"To me, the opening credits are very important, because that's the only mood time that most movies give themselves. A cool credit sequence and the music that plays in front of it, or note played, or any music, whatever you decide to do, that sets the tone for the movie that's important for you."
- Quentin Tarantino
From the booklet of the soundtrack-collection:
Last year, on celebrating the third anniversary of my blog, I posted my top 10 favorite opening sequences of all time. But at the time, I made a mistake. The opening credits sequence (not the sequence opening the film) for the movie Se7en is so incredible, I was blind-sided into listing it as a favorite opening sequence. But then this year I thought, how about for Mo-View's fourth anniversary, I list my top 10 favorite opening credits sequences?
So here's the list, with the accompanying clip. Similar to any top 10 list, I had to exclude some beautiful title sequences to filter it down to my top ten. The majority (but not all) are powerful films, and in most instances, the opening title sequence is almost on par with (or even better than) the film itself. The most basic elements that make these sequences great, are how the printed words have a life of their own in defining the filmand its characters, and of course, how the soundtrack is an inseparable and fortifying component of the sequence.
(Side-note: In case you're interested in some blog stats from the past four years: more than 650 films have been reviewed so far, and my this year's entry on Roger Ebert's passing, Roger ... and Me, has had the highest number of page-views, significantly ahead of the next four highest viewed entries, Prometheus, The Human Centipede, Star Trek Into Darkness, and About Elly - in that order. Yeah, I just can't seem to get rid of The Human Centipede.)
So here we go: my top 10 favorite opening credits sequences of all time, in alphabetical order:
1. Cape Fear (Martin Scorsese, 1991)
When it comes to opening credits, any favorites list would be incomplete without the name Saul Bass.
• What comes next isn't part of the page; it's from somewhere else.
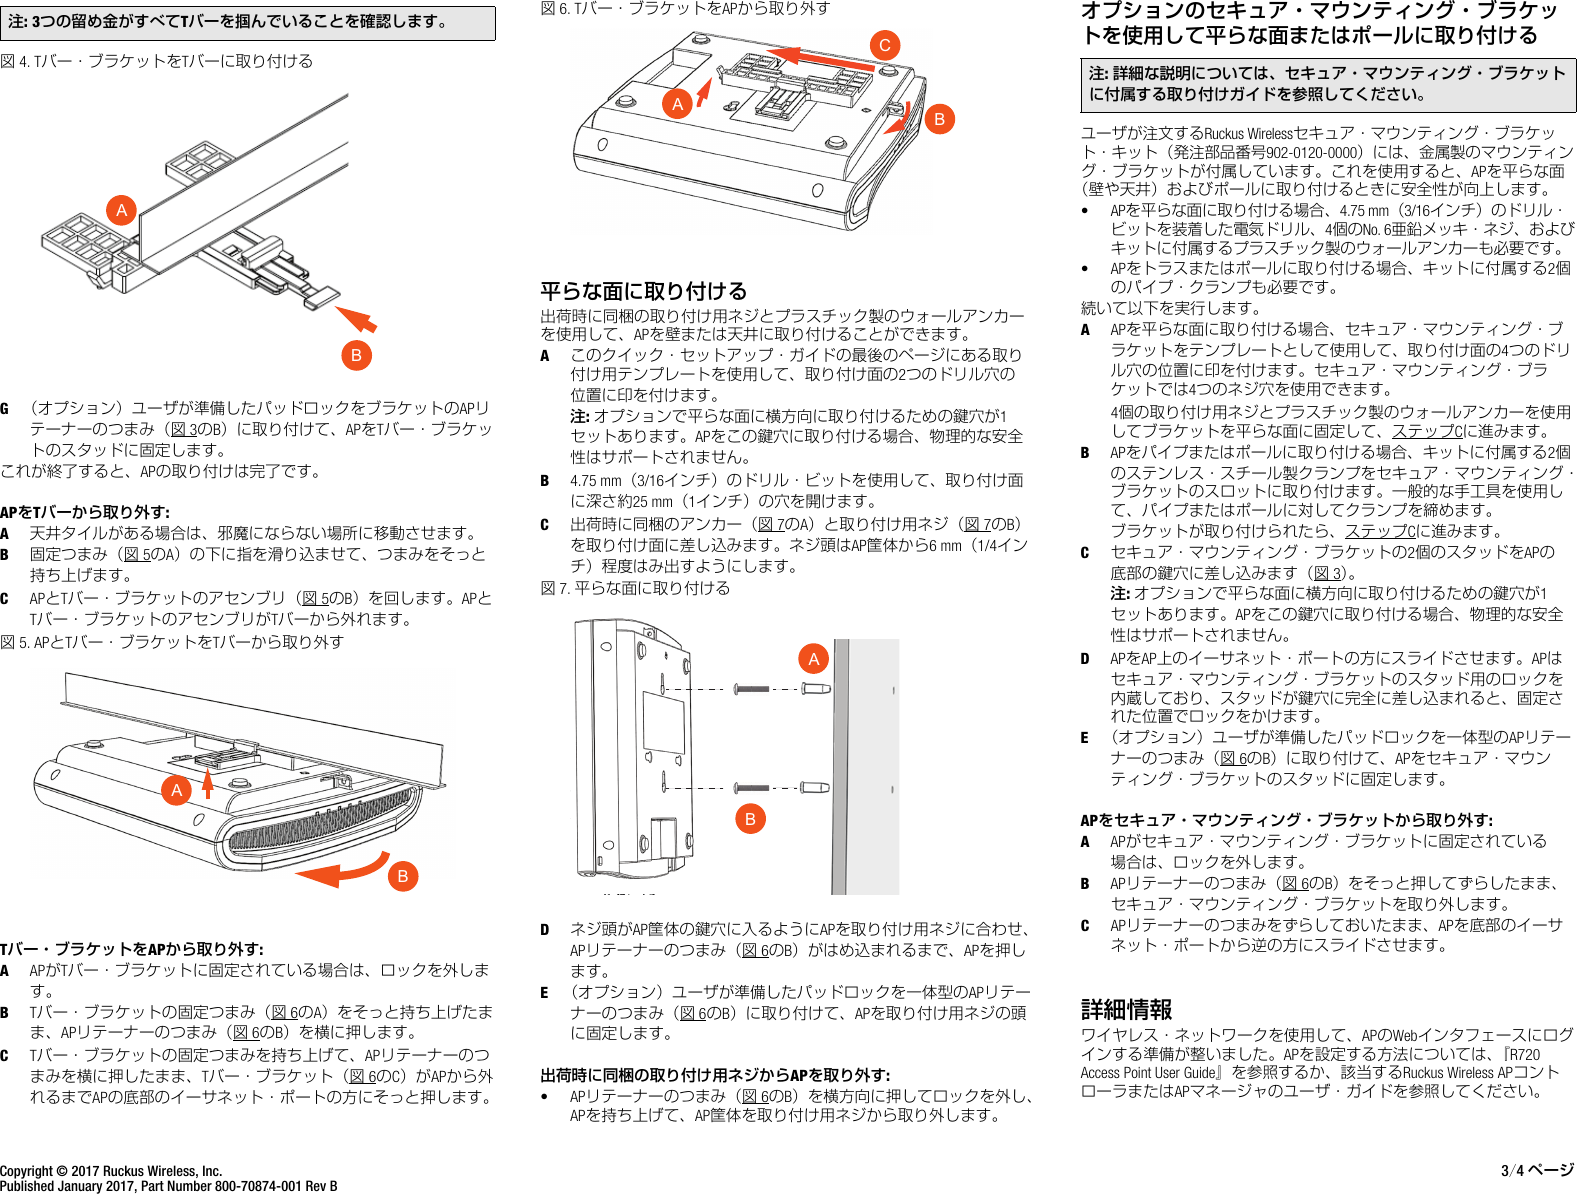 Page 3 of 4 - Ruckus R720 Access Point Quick Setup Guide Wireless Guide（Japanese Version, 日本語） R720-qsg-800-70874-001-rev B JA2

He's created some of the most iconic title sequences in movie history, most famously for Hitchcock (Vertigo, Psycho, and Spartacus and Alien, to name a few), but one of my favorites is his work for Scorsese's remake of Cape Fear. Here, similar to Psycho, he uses lines through fractured words to imply the fractured mind of the movie's main character/villain. And even though Bernard Hermann (Hitchcock's usual composer) wrote the soundtrack for both movies, the effect here is significantly more menacing:
2. Casino Royale (Martin Campbell, 2006)
How can one talk about title sequences, without mentioning a James Bond movie? There must be many favorites out there, but when it came to Casino Royale, the plan was to redefine the entire franchise, and that included the opening credits. The movie uses the thrill of casinos and playing cards as its setting - watch here how they use spades, hearts, diamonds and clubs to tell a story. I never thought any of the Bond movie title sequences before this reached such heights:
3. Do the Right Thing (Spike Lee, 1989)
Spike Lee has said and done weird things before, but this was one of his weirdest. Rosie Perez angrily dances (never thought you could use both those words in the same sentence) to Public Enemy's "Fight the Power". There are tales about how Lee intentionally tried to make Perez angry, by keeping up the heat in the studio and repeating the shots several times. You can see how frustrated Perez is - at one point it's almost as though she wants to quit. Watching this, you almost want to get up and revolt. In other words, the sequence works.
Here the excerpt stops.